つまり、細菌は細胞を持った生物(「原核生物」)ですが、ウイルスは細胞のない「非生物」です。

ウイルスというのは、タンパク質で遺伝子をくるんで作ったコピーロボットのような疑似生物みたいな存在なのです。
そして、その分だけ細菌よりも原始的で、その分だけ細菌よりも遥かに小さい。
それがウイルスです。

ちなみに今回の主役のノロウイルスは一般的な食中毒菌のわずか1/100程度の大きさでしかありません。
そんな小さな存在なので、そう簡単に目にすることは出来ません。
そうした微生物の中でも非常に小さな存在、それがウイルスです。

ひとくくりに「微生物」といっても色々あります。
微生物というのは、非常に小さな生き物をひっくるめて言う名称なので、そこには様々なものが含まれます。
カビやコウボなどのような真菌。
これはもっと大きく、人間などと同じ、細胞に「核」を持った「真核生物」です。
そして食中毒菌などの「細菌」。これはそれよりも小さくて顕微鏡でしか見えない、細胞に「核」を持っていない「原核生物」です。
そして更に更に、ずーっと小さな電子顕微鏡でしか捉えられない「非生物」がウイルスです。

まずこれがファーストステップ。
生物としての違い、です。

で、次のステップは、「生物として違うから、当然、その増え方も違うよ」という「生き方」の違いです。
ここをよく間違う人が多いです。

微生物は、栄養をもとにして増えることで生きている存在です。
カビを思い出してください。
お風呂の汚れと水分を餌に、カビは菌糸を育て、胞子をばらまき、増えていきます。
それがカビという生物の「生き方」です。
微生物は皆、「増殖して生きる」のです。

では、同じ「微生物」でも、原核生物であり細胞を持っている食中毒菌などの「細菌」と、細胞を持たない非生物である「ウイルス」は、どう「生き方」、つまりは「増え方」が違うのか。

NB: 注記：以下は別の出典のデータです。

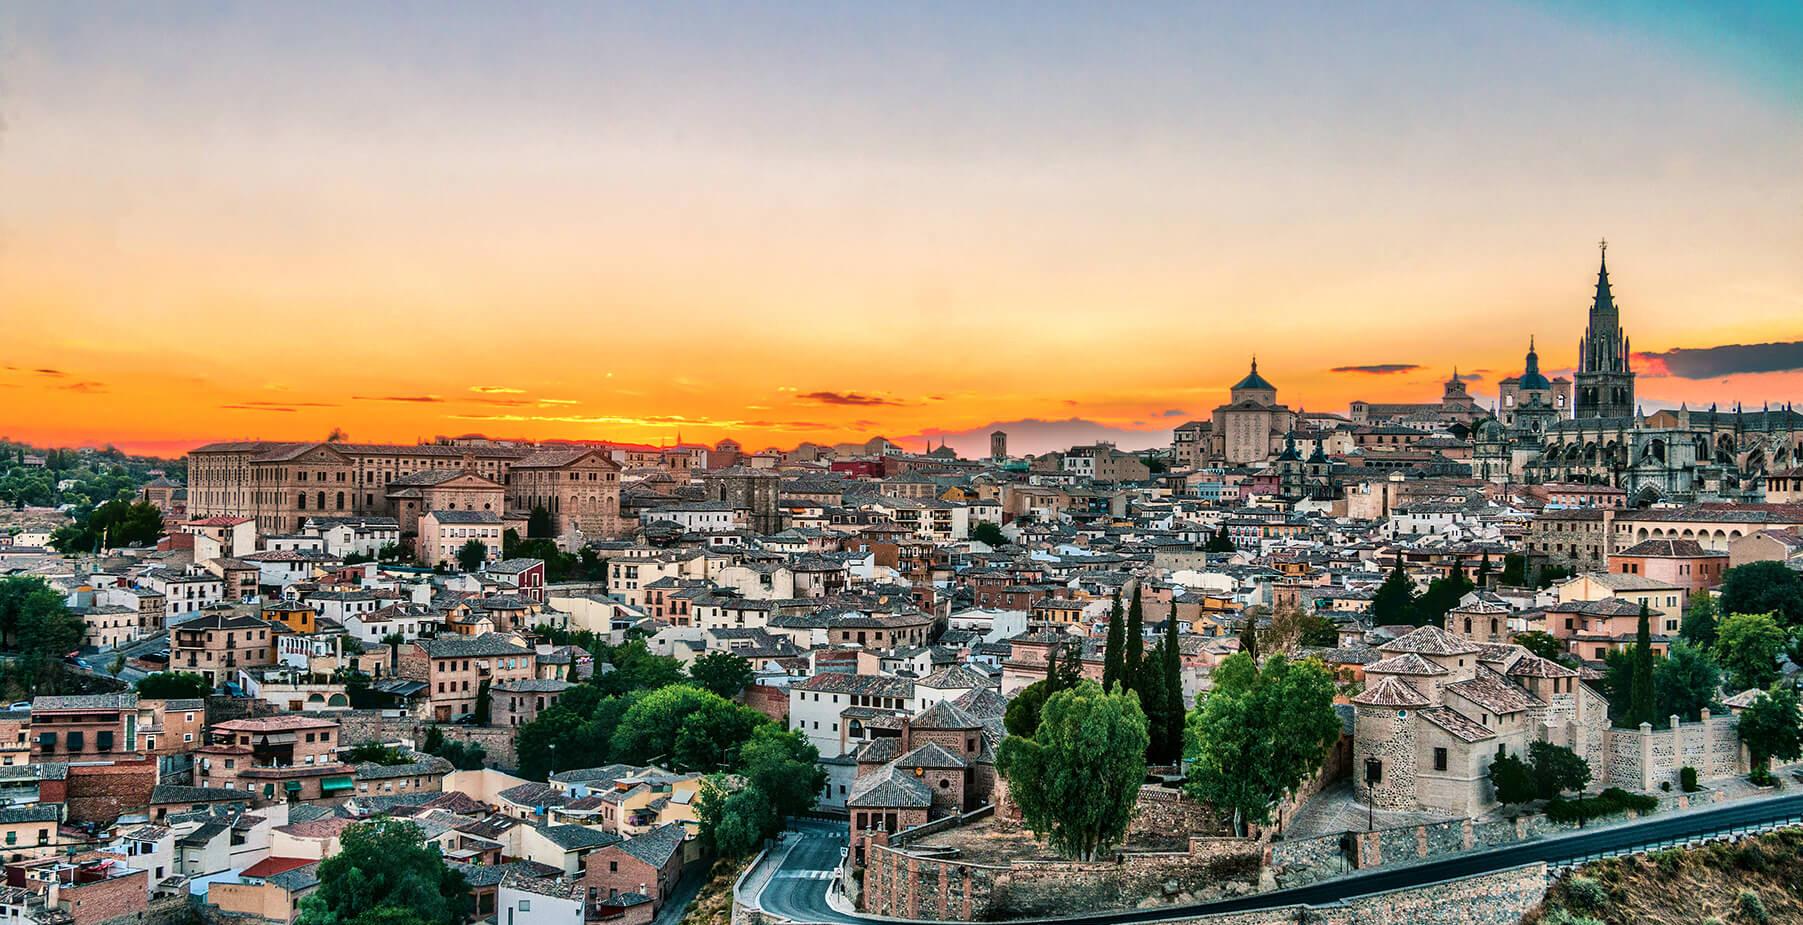 Spain - Toledo

細菌は栄養をもとに体をぶよんと2つに分け、「細胞分裂」で増殖します。
それは、細菌には細胞があるからこそできる技でもあります。

だから、細菌は食品の中でも増殖が可能です。
例えばある食品を常温で放置していると、その食品の水分と栄養を使って、細菌が食品内に増殖します。
あるいはその増殖過程で毒素を作る細菌もいます。
これを人間が食べると、増殖した細菌やその毒素などを食べることになります。
細菌による食中毒は、こうして起こります。

では細胞を持たないウイルスはどう増殖するのか。
先にぼくはウイルスに対して、こう言いました。
「ウイルスとは、タンパク質で遺伝子をくるんで作ったコピーロボットのような存在だ」と。

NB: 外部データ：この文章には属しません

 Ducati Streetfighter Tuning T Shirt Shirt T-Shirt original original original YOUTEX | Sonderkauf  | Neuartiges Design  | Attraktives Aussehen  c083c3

あ、コピーロボットって、若い人はわからないかな?(汗)
コピーロボットというのは、藤子不二雄の漫画「パーマン」に出てくる、鼻を押すと押した人をコピーしたかのようにその人と同じ姿・形・性格・能力になるぬいぐるみのようなロボットのことです。
って、そこの昭和ヘッドな諸君なら、勿論おなじみだよね!ね、ね!?

さて、「ウイルスとは、タンパク質で遺伝子をくるんで作ったコピーロボットのような疑似生物みたいな存在だ」とはどういうことか。
そう、細胞を持たないウイルスは、人間などの他の生物の細胞に入り込み、その細胞の仕組みを使って、自身の遺伝子に基づいて自らを複製させるのことで増殖するのです。

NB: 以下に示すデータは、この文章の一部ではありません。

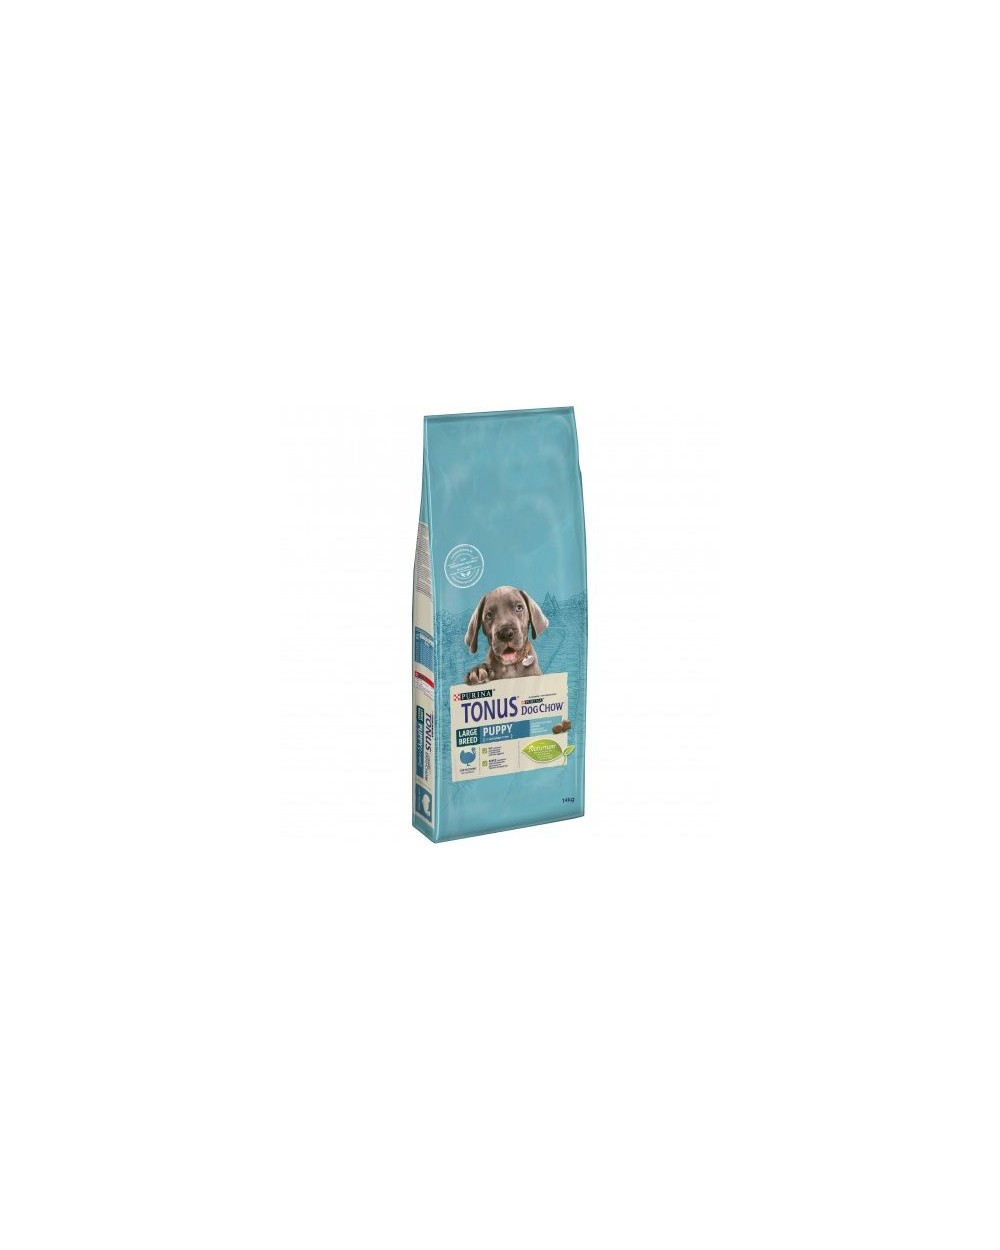 Tonus Dog Chow Puppy Large Breed Tacchino

この際、ウイルスによって入り込める細胞に違いがあります。
目下巷で騒がれている鳥インフルエンザのウイルスは鳥の細胞に入り込むことが出来ますが、人間の細胞には入りこみません。
今回の話題にしているノロウイルスは、人間の細胞に入り込むことは出来ますが、犬や猫の細胞には入りこめません。
入り込めない、ということは、増殖出来ないということです。
増殖出来ないと、感染しないので病気になりません。

…というのが、まず一番最初のウイルスと細菌の違いのお話です。
これを踏まえておくことが基本中の基本です。

花王がノロウイルス不活化研究の新手法を開発

さて、理解出来ましたかね。
そんなわけで、ノロウイルスというのは人間の腸管の細胞の中でしか増殖しないのです。

で、このことはノロウイルスへの対策研究を大きく遅らせる要因でした。
何故なら、ウイルスの研究を進めるためには試験管培養が必要だからです。
だから、ある薬剤がノロウイルスを実際に抑えられる、除去できる(不活化、といいます)かを確認することが難しいため、ノロウイルスに有効な薬というのは開発が難しかったのです。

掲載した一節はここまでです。